On Wed, 4 Apr 2012, Kay Sievers wrote:

> - Output of dev_printk() is reliably machine-readable now. In addition
>   to the printed plain text message, it creates a log dictionary with the
>   following properties:
>     SUBSYSTEM=     - the driver-core subsytem name
>     DEVICE=
>       b12:8        - block dev_t
>       c127:3       - char dev_t
>       n8           - netdev ifindex
>       +sound:card0 - subsystem:devname

One of the questions that hasn't been raised yet, and which I personally 
consider crucial -- are we making printk() interface part of userspace ABI 
now by this?

Today, we are free to change any printk()s and not feel guilty about it at 
all. With this, we are making the whole thing much more systematic and 
friendly for automatic userspace consumption. Nnot really different to, 
for example uevents, which I believe everyone considers userspace ABI now.

Do we really want that?

-- 
Jiri Kosina
SUSE Labs


^ permalink raw reply	[flat|nested] 34+ messages in thread

* Re: [PATCH] printk: support structured and multi-facility log messages
  2012-04-07  0:26 ` Jiri Kosina
@ 2012-04-07  0:59   ` Joe Perches
  2012-04-07  1:14     ` Jiri Kosina
  0 siblings, 1 reply; 34+ messages in thread
From: Joe Perches @ 2012-04-07  0:59 UTC (permalink / raw)
  To: Jiri Kosina
  Cc: Kay Sievers, linux-kernel, Greg Kroah-Hartmann, Linus Torvalds,
	Ingo Molnar

On Sat, 2012-04-07 at 02:26 +0200, Jiri Kosina wrote:
> On Wed, 4 Apr 2012, Kay Sievers wrote:
> 
> > - Output of dev_printk() is reliably machine-readable now. In addition
> >   to the printed plain text message, it creates a log dictionary with the
> >   following properties:
> >     SUBSYSTEM=     - the driver-core subsytem name
> >     DEVICE=
> >       b12:8        - block dev_t
> >       c127:3       - char dev_t
> >       n8           - netdev ifindex
> >       +sound:card0 - subsystem:devname
> 
> One of the questions that hasn't been raised yet, and which I personally 
> consider crucial -- are we making printk() interface part of userspace ABI 
> now by this?

I hope not.

> Today, we are free to change any printk()s and not feel guilty about it at 
> all. With this, we are making the whole thing much more systematic and 
> friendly for automatic userspace consumption.

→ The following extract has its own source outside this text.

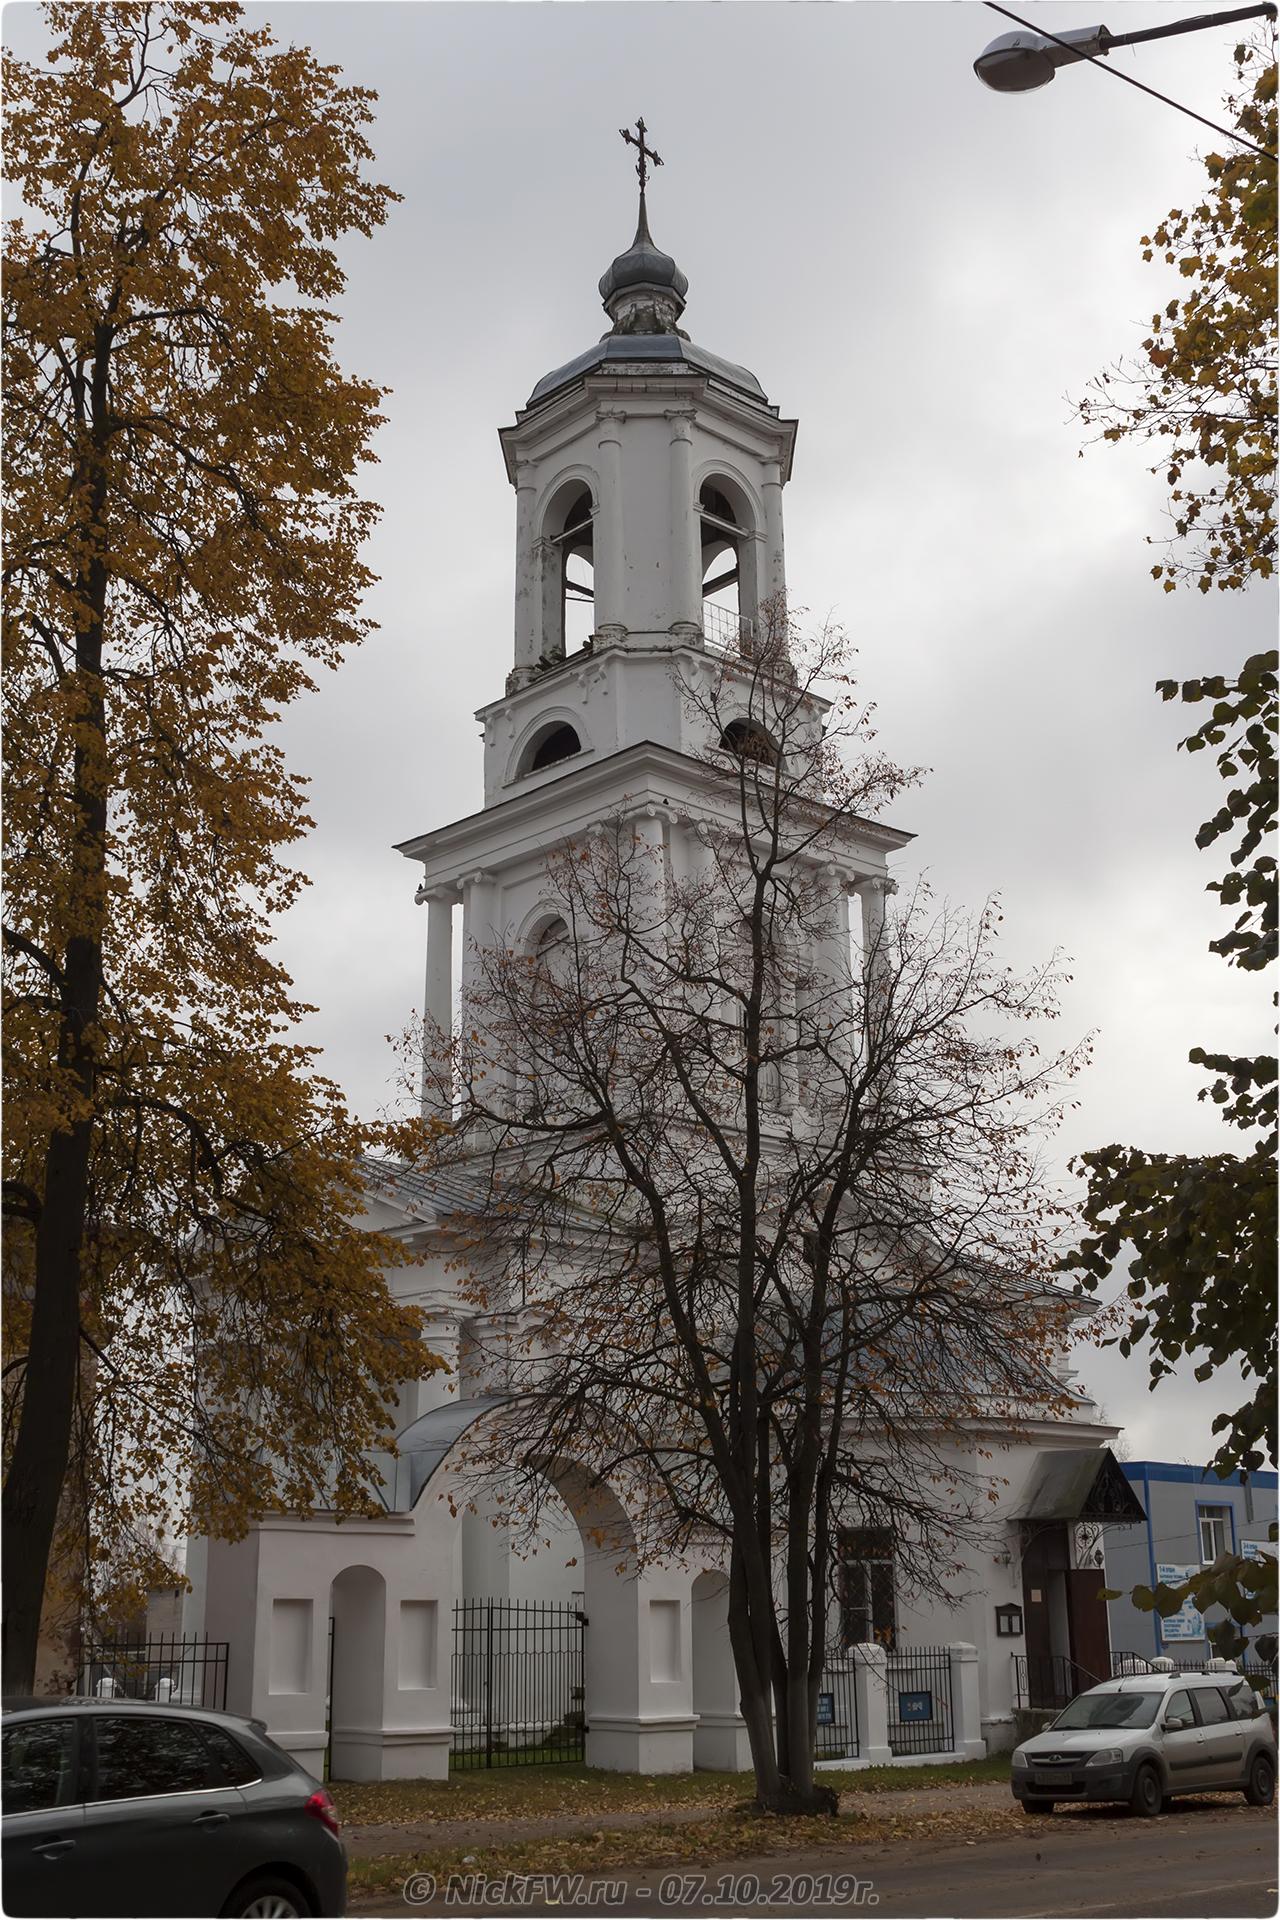 8. Колокольная церковь Александра Невского - © NickFW.ru - 07.10.2019г.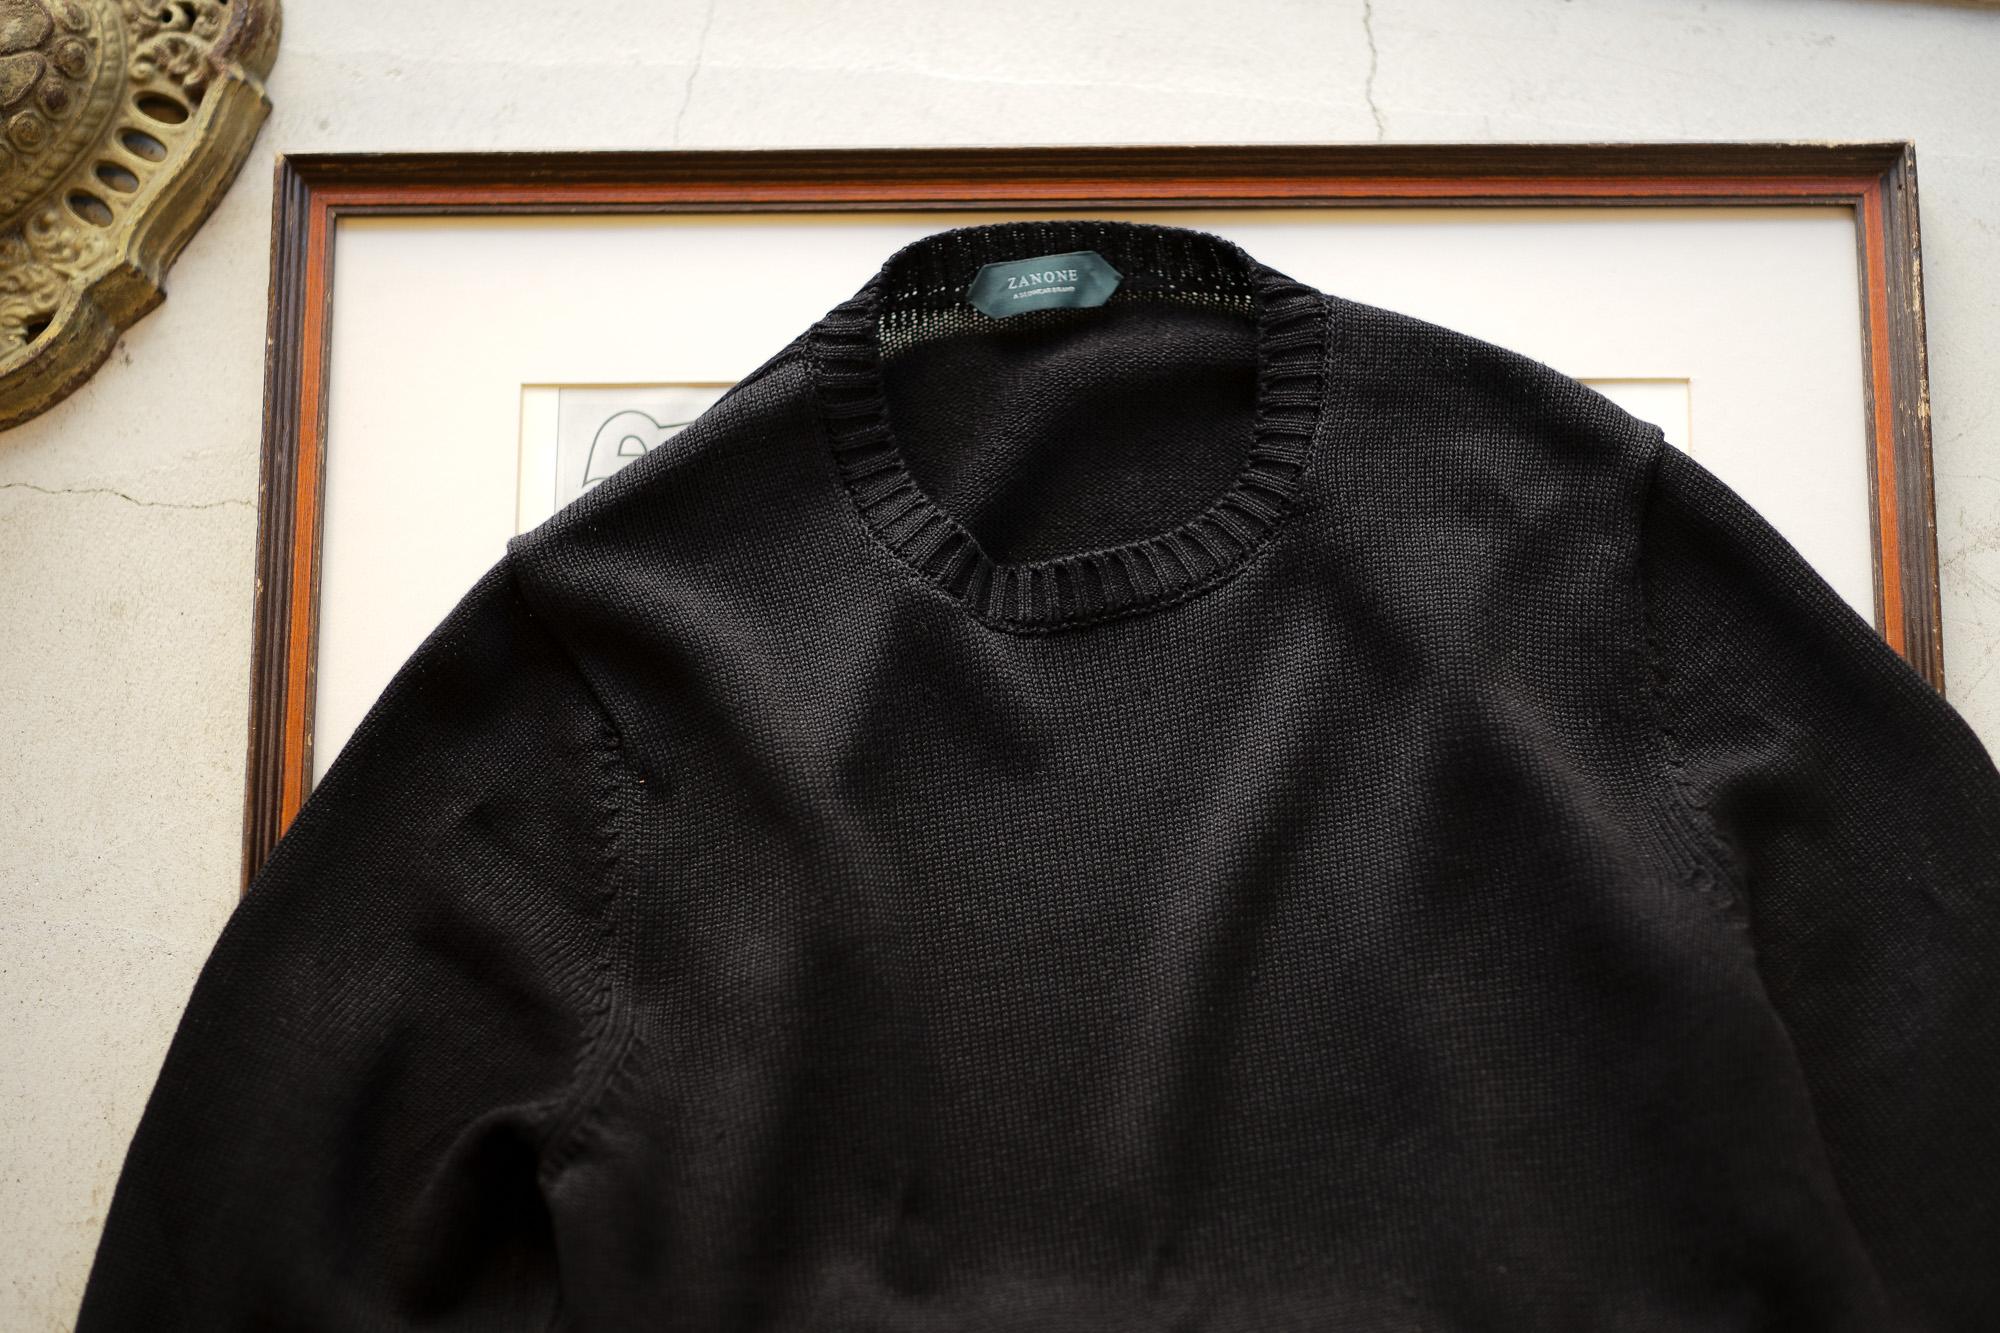 ZANONE(ザノーネ) Crew Neck Sweater (クルーネック セーター) リネンコットン ミドルゲージ サマー ニット セーター BLACK (ブラック・Z0015) made in italy (イタリア製) 2020 春夏新作 愛知 名古屋 altoediritto アルトエデリット

It _may_ be that new KEYWORD=VALUE combinations may become
systematic and an ABI, but the content of the message is
still arbitrary and should be designated as changeable
without notice.




^ permalink raw reply	[flat|nested] 34+ messages in thread

* Re: [PATCH] printk: support structured and multi-facility log messages
  2012-04-07  0:59   ` Joe Perches
@ 2012-04-07  1:14     ` Jiri Kosina
  2012-04-07  1:51       ` Joe Perches
  0 siblings, 1 reply; 34+ messages in thread
From: Jiri Kosina @ 2012-04-07  1:14 UTC (permalink / raw)
  To: Joe Perches
  Cc: Kay Sievers, linux-kernel, Greg Kroah-Hartmann, Linus Torvalds,
	Ingo Molnar

On Fri, 6 Apr 2012, Joe Perches wrote:

> > > - Output of dev_printk() is reliably machine-readable now. In addition
> > >   to the printed plain text message, it creates a log dictionary with the
> > >   following properties:
> > >     SUBSYSTEM=     - the driver-core subsytem name
> > >     DEVICE=
> > >       b12:8        - block dev_t
> > >       c127:3       - char dev_t
> > >       n8           - netdev ifindex
> > >       +sound:card0 - subsystem:devname
> > 
> > One of the questions that hasn't been raised yet, and which I personally 
> > consider crucial -- are we making printk() interface part of userspace ABI 
> > now by this?
> 
> I hope not.

And how exactly do we prevent that? It's a systematic and well-defined 
interface between kernel and userspace, and as such it's hard to not 
consider it to be ABI.

> > Today, we are free to change any printk()s and not feel guilty about it at 
> > all. With this, we are making the whole thing much more systematic and 
> > friendly for automatic userspace consumption.
> 
> It _may_ be that new KEYWORD=VALUE combinations may become systematic 
> and an ABI, but the content of the message is still arbitrary and should 
> be designated as changeable without notice.

I bet there would be "you broke my userspace app because it was depending 
on the printk() you just removed" bugreport coming from someone very soon. 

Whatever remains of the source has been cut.